• _SOURCE MATERIAL_
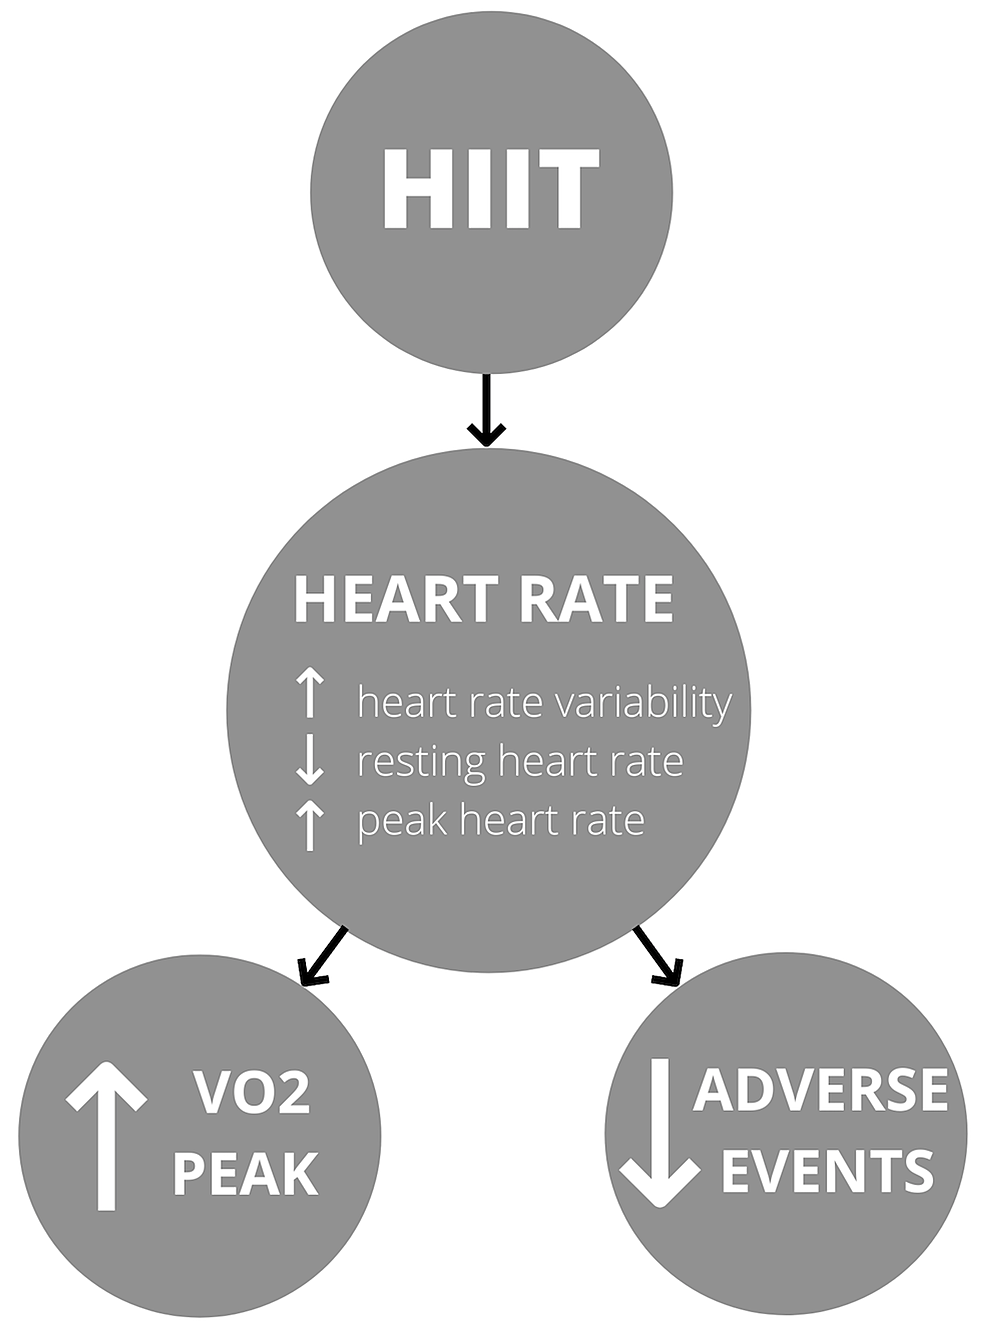 Effects-of-high-intensity-interval-training-on-heart-rate-and-Its-effects-on-VO2-peak-and-adverse-events
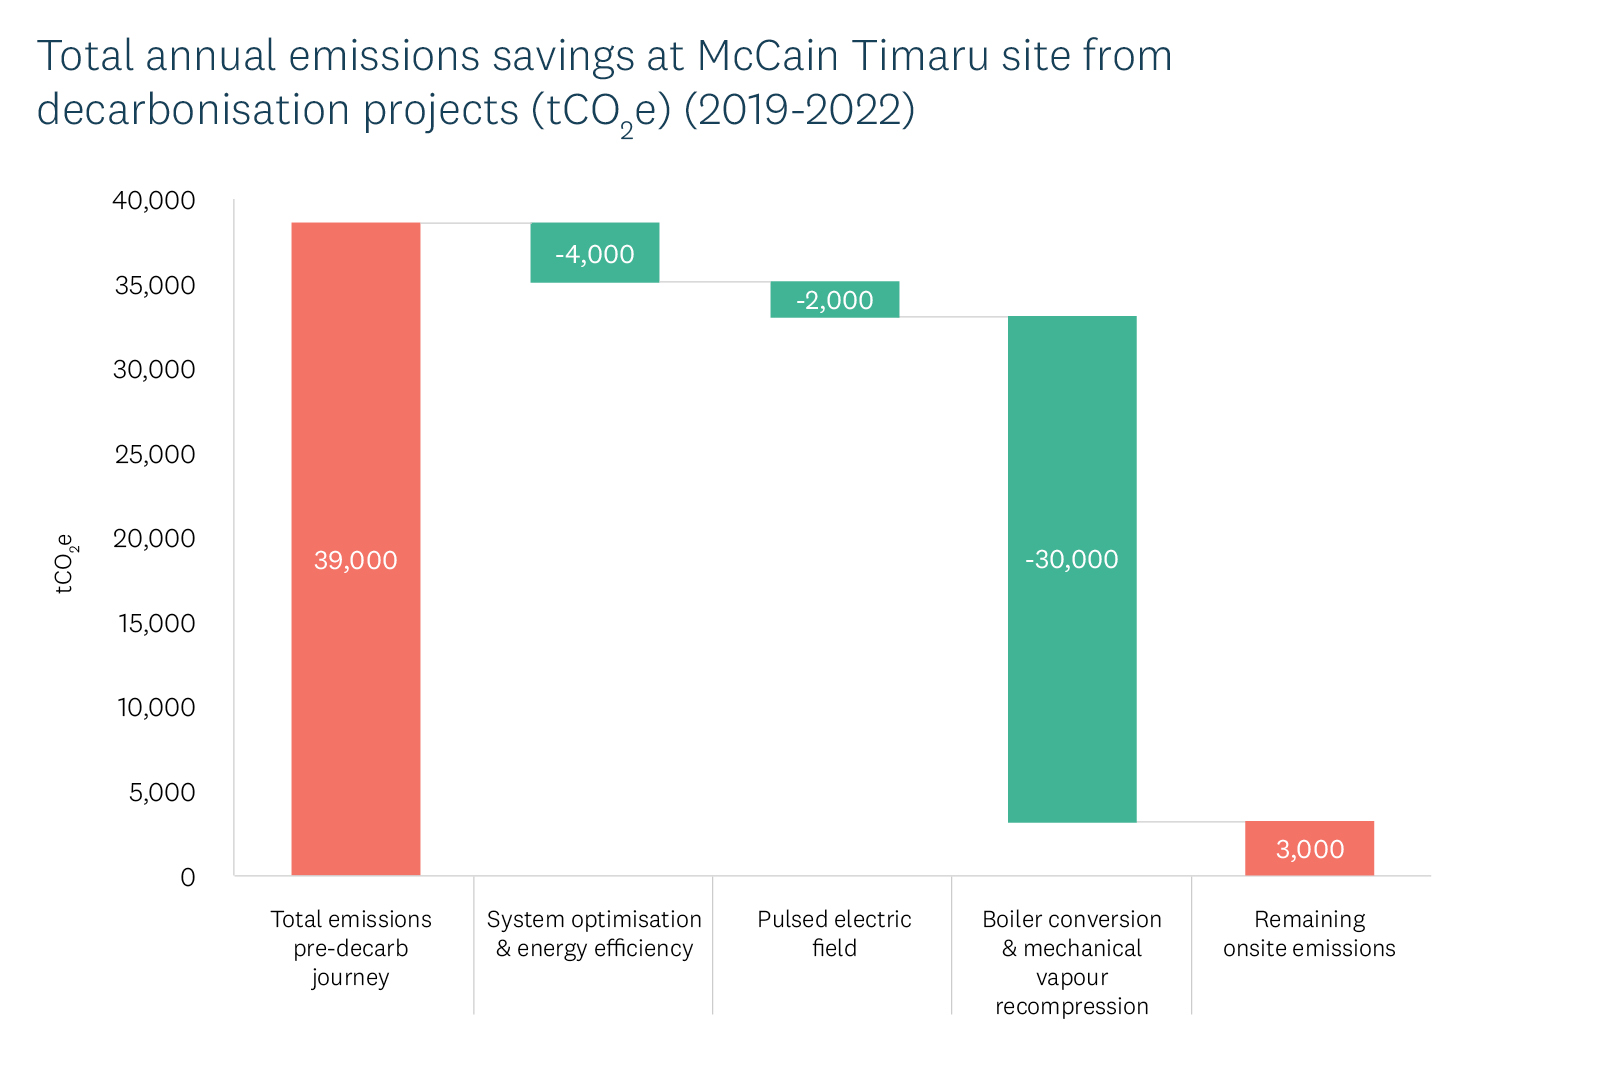 Total annual emissions savings at McCain Timaru site from decarbonisation projects. 
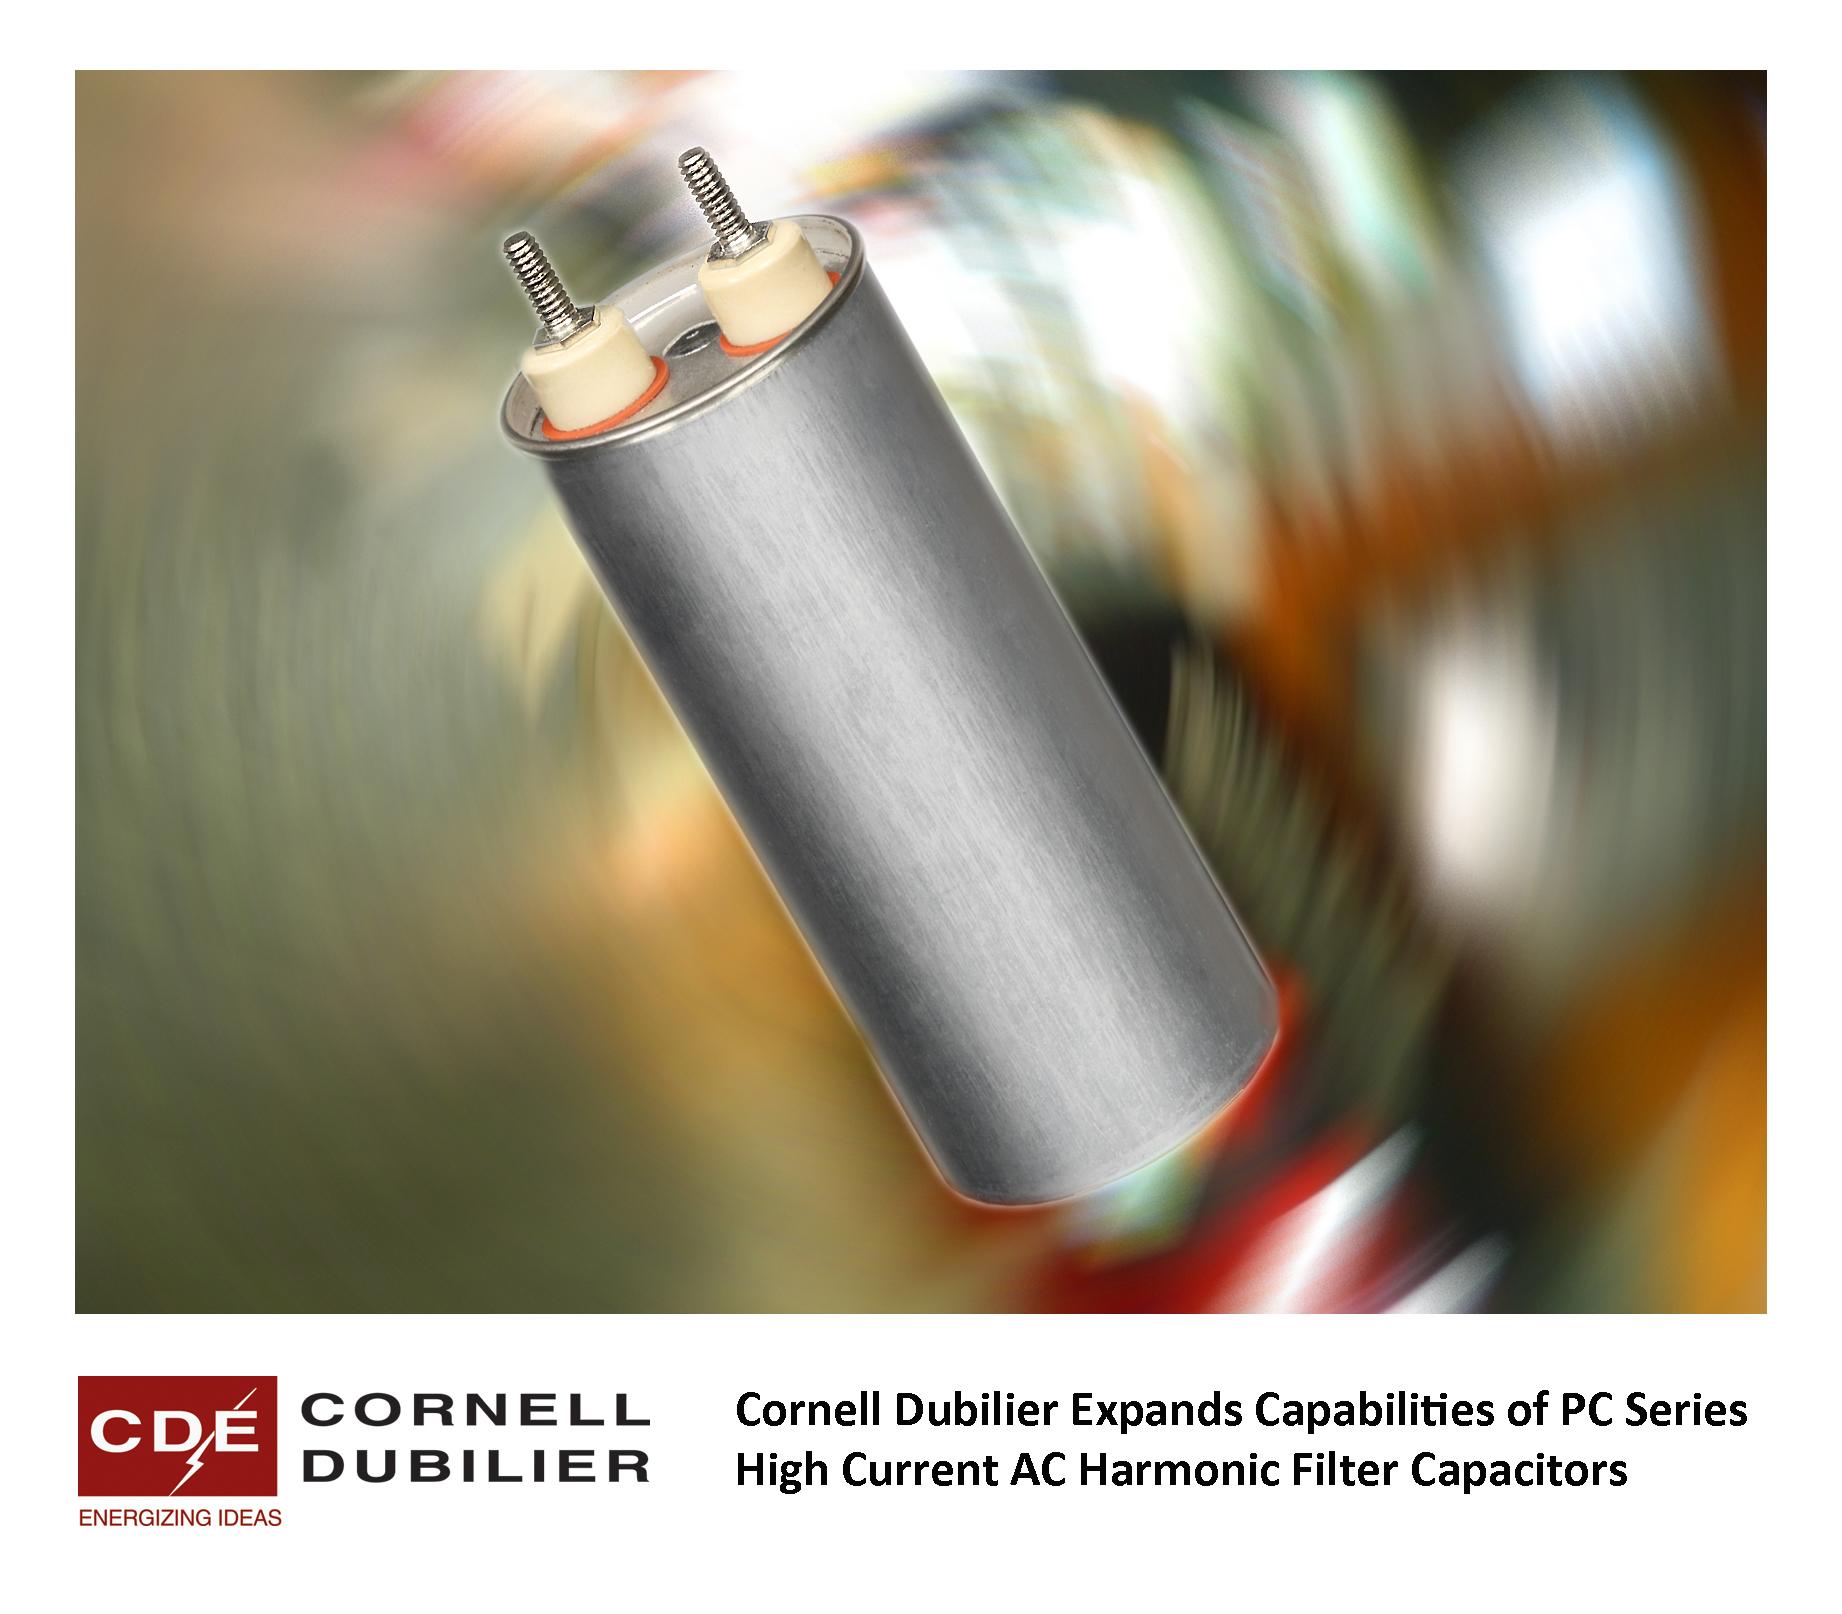 AC Harmonic Filter Capacitors Offer 85 Ampere RMS Ratings

• _ACTIVITY_
Find the line that contains "Total annual emissions" and repeat it, along with every line after it to the end of the data, exactly; drop the pictures.

• _EXERCISE SOLUTION_
 Total annual emissions savings at McCain Timaru site from decarbonisation projects. 
 AC Harmonic Filter Capacitors Offer 85 Ampere RMS Ratings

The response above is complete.